American by Day by Derek B. Miller

I will begin my review by saying that when I finished Derek B. Miller’s American by Day, I saw it more as a piece of fiction than a boxed-up mystery. A Norwegian cop travels to the United States to find her missing brother. Ok, fish-out-of-water tale where the Scandinavian is going to teach the Americans a thing or two about police work… somewhat yes, but in a lot of ways absolutely not. American by Day is a touchingly serious, yet amusing convergence of race, politics, truth, and love.
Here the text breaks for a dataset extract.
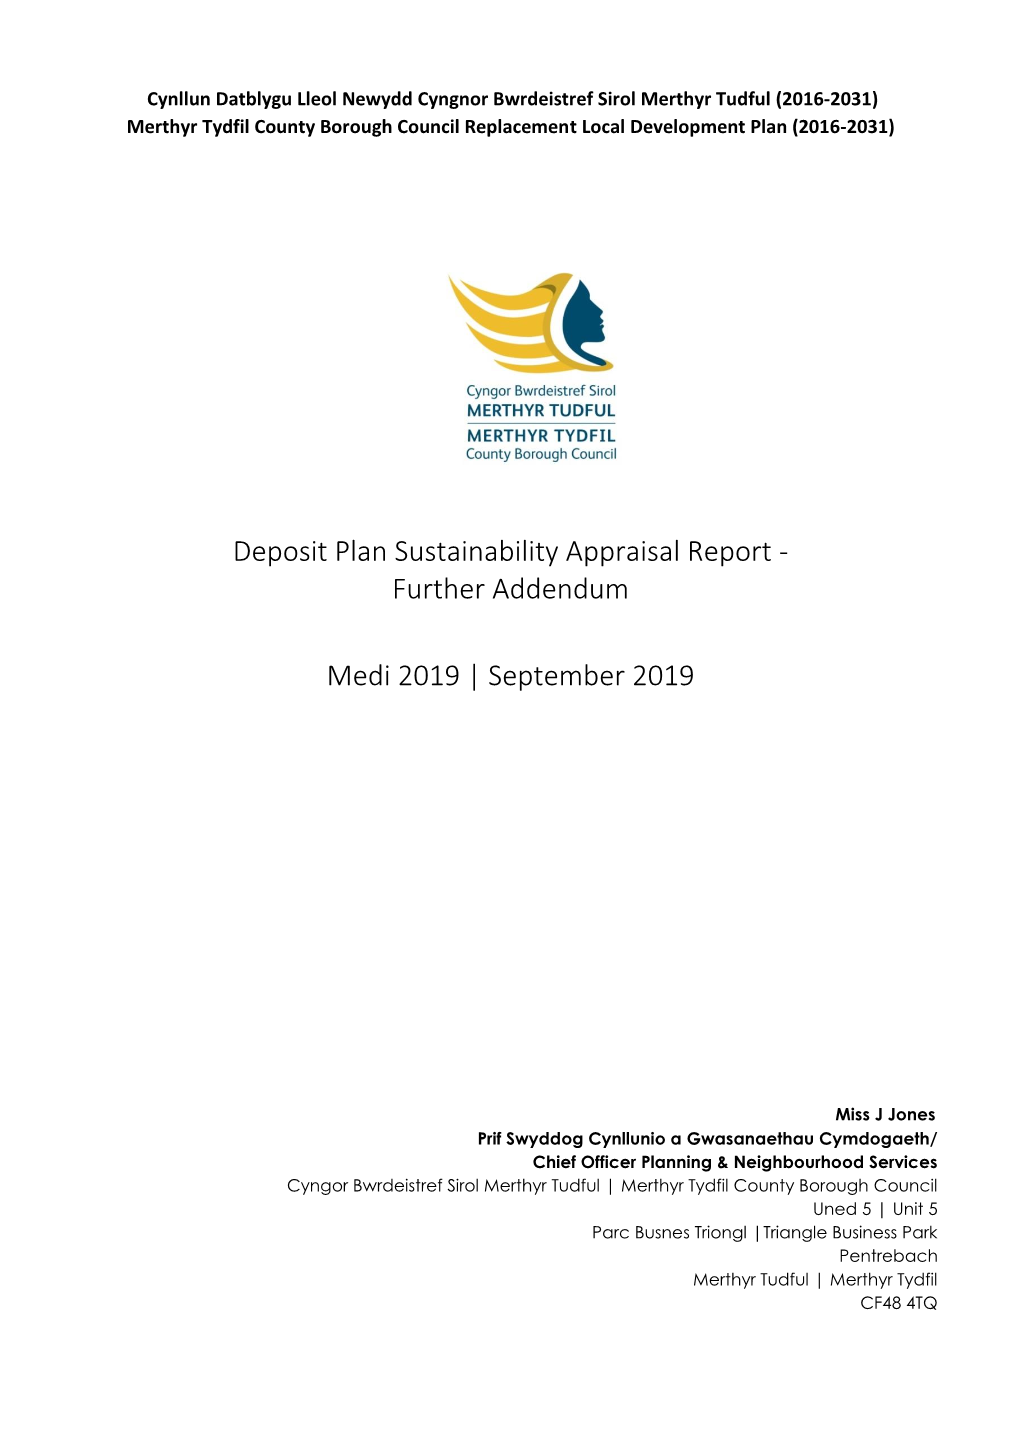 Deposit Plan Sustainability Appraisal Report - Further Addendum
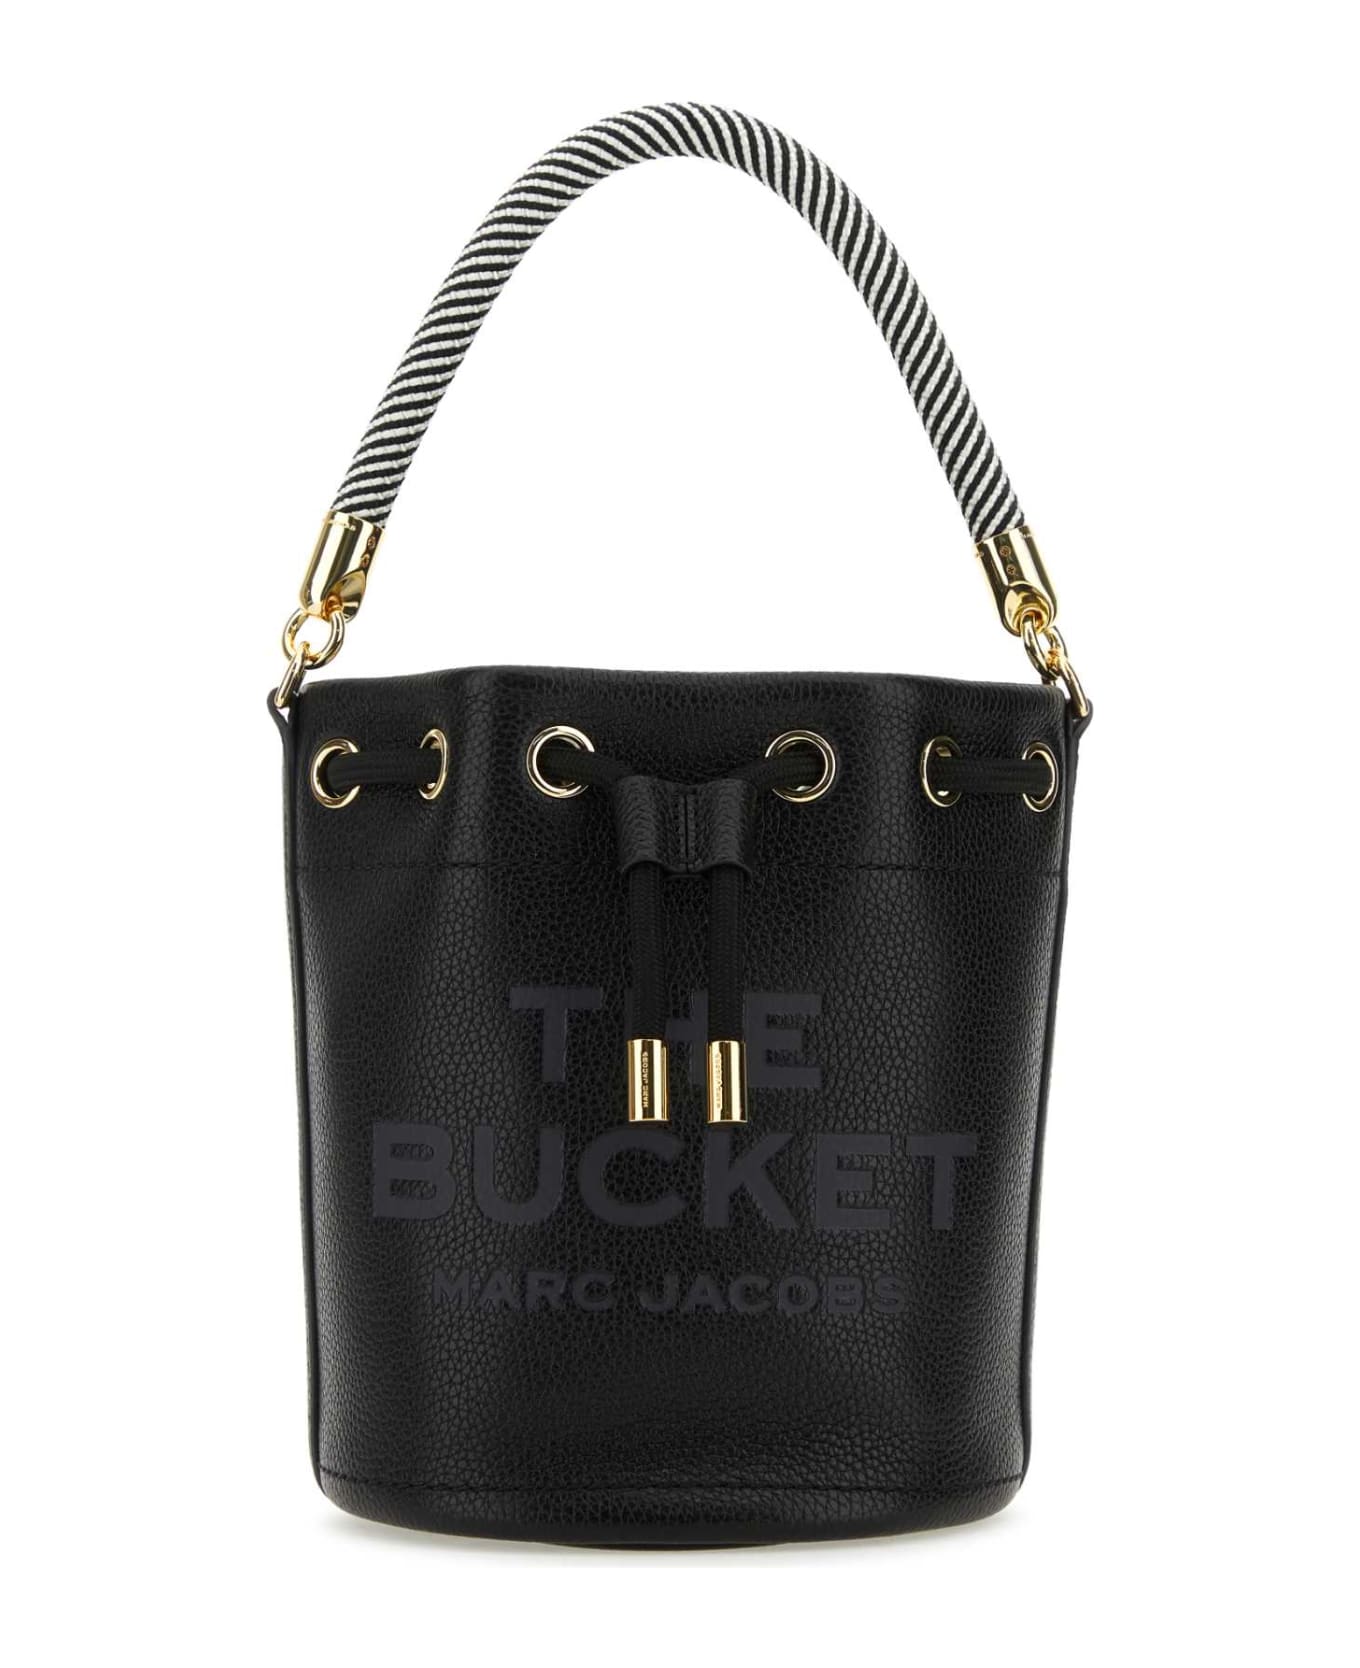 Marc Jacobs Black Leather The Bucket Bucket Bag - 001

Recently exonerated in the shooting death of a subject, Sigrid travels a couple hours north of Oslo to see her father, only to find that his correspondence with his son Marcus has abruptly stopped. He wants his daughter to fly to upstate New York immediately. She arrives in Watertown, NY, discovers her brother’s African-American girlfriend has recently died under suspicious circumstances. Sigrid knows that her brother needs her help.

Miller’s main character values deduction and logic, and has an encyclopedic knowledge of criminal theory and police procedure. Her honed instinct is constantly tested by the shrewd theologian sheriff in Watertown. They trade barbs and philosophy about cultural differences and why Americans are the way we are… At first I thought some of these passages were heavy-handed, but after finishing the novel I see them as necessary. They are an exploration of race in American that was unavoidable especially in the context of the 2008 presidential election.  

American by Day is an exceptional novel that also has elements of a mystery. That’s the best way I can put it. Like I stated before, this is not a book you can easily categorize or create simple expectations for. Miller takes on serious topics, yet keeps it light with his smart writing and wit.

4 out of 5 stars

Thank you to NetGalley, Houghton Mifflin Harcourt, and Derek B. Miller for the copy of this book to review.